◆ Data:

------

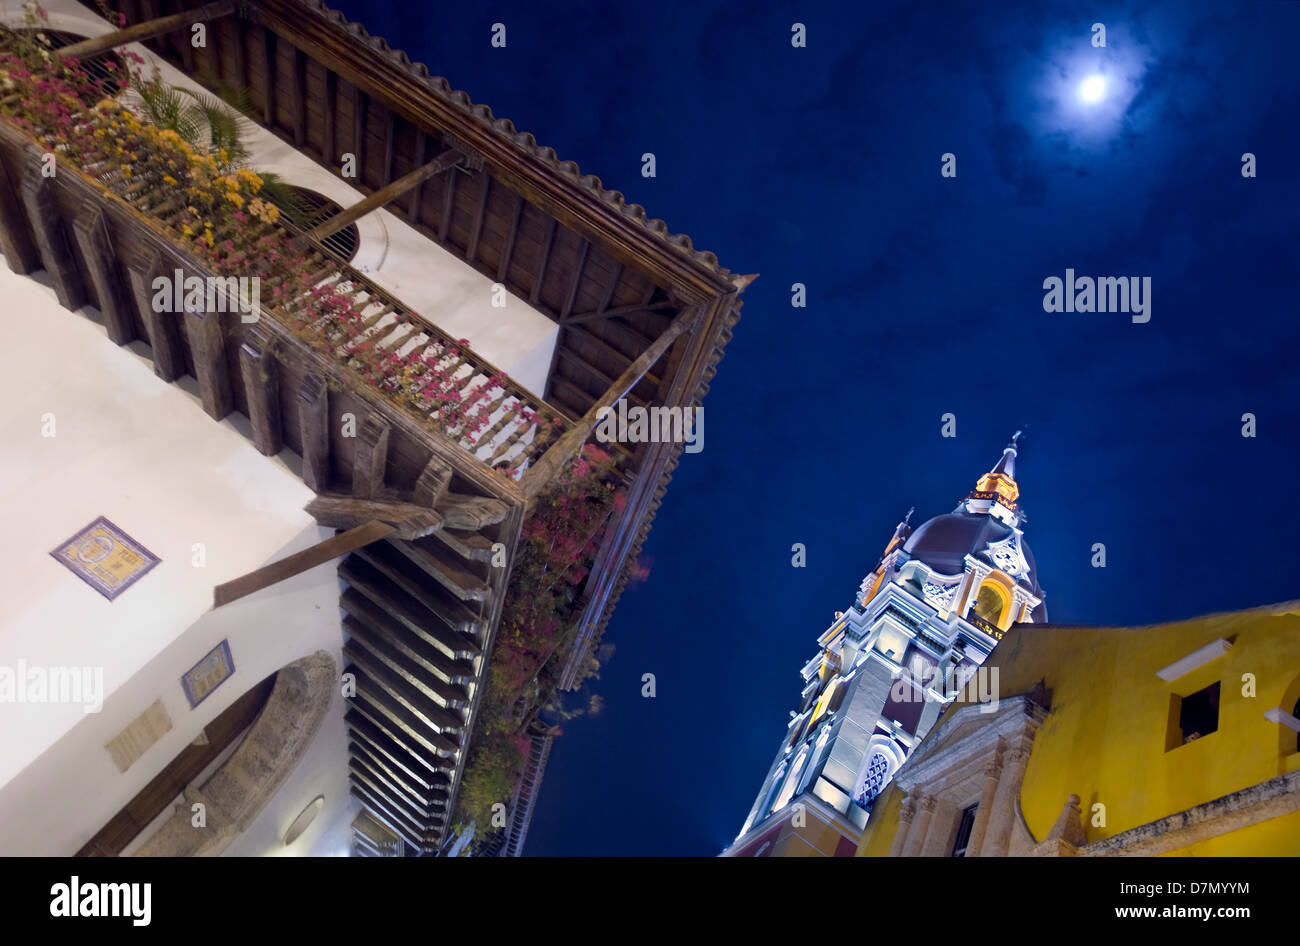 La Catedral y el típico balcón, casco antiguo de la ciudad, Cartagena de Indias, Colombia Foto de stock
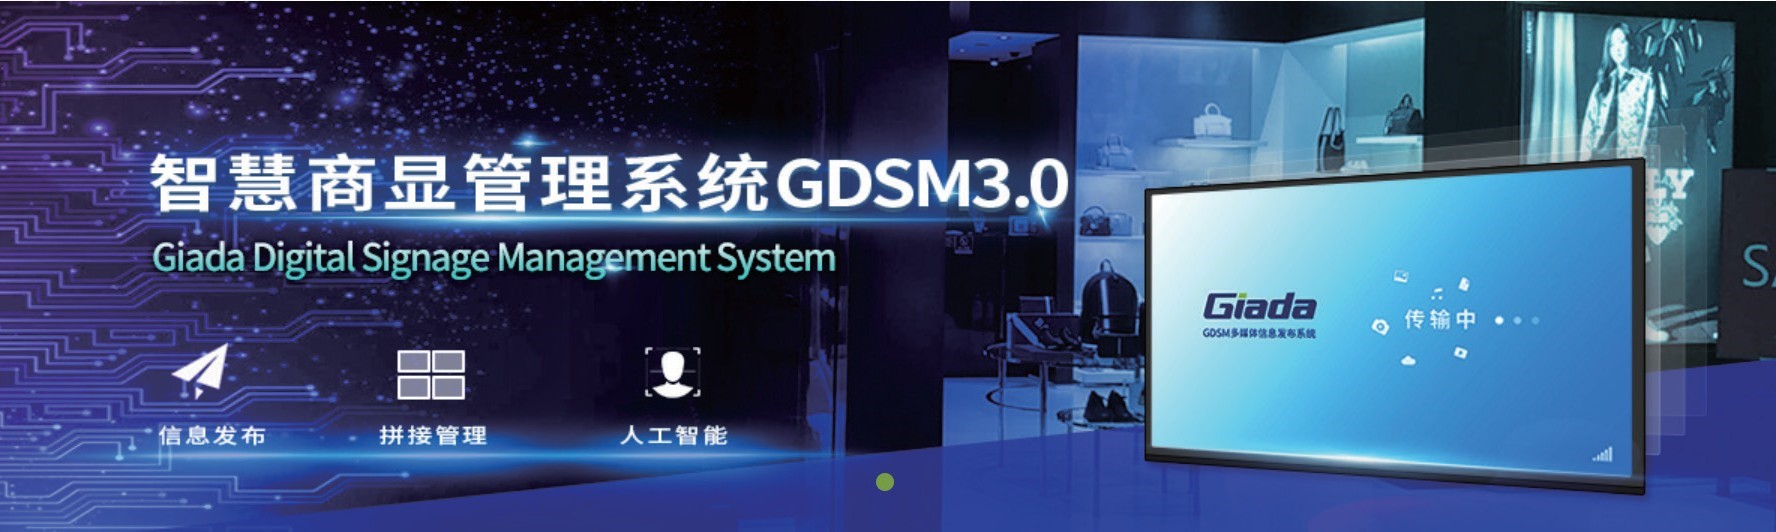 【杰和科技】 GDSM--新一代智慧商显管理系统
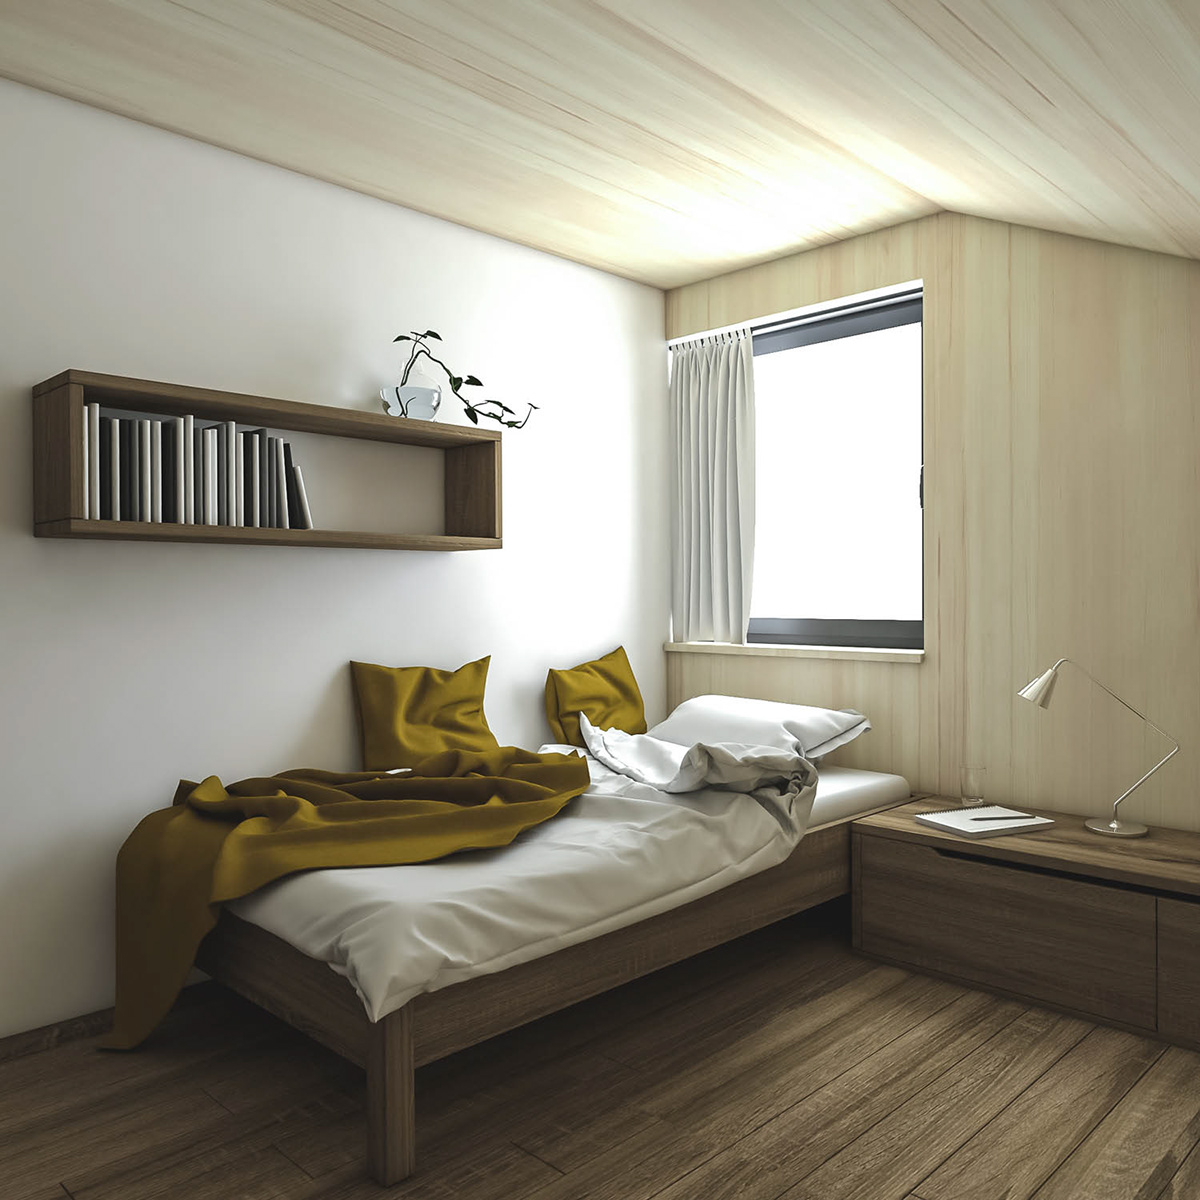 bedroom furniture Interior architecture Interior Architecture 3D Visualization rendering 3D interior design  furniture design

------

Give the data again exactly, without pictures.

 La Catedral y el típico balcón, casco antiguo de la ciudad, Cartagena de Indias, Colombia Foto de stock
 【杰和科技】 GDSM--新一代智慧商显管理系统
 bedroom furniture Interior architecture Interior Architecture 3D Visualization rendering 3D interior design  furniture design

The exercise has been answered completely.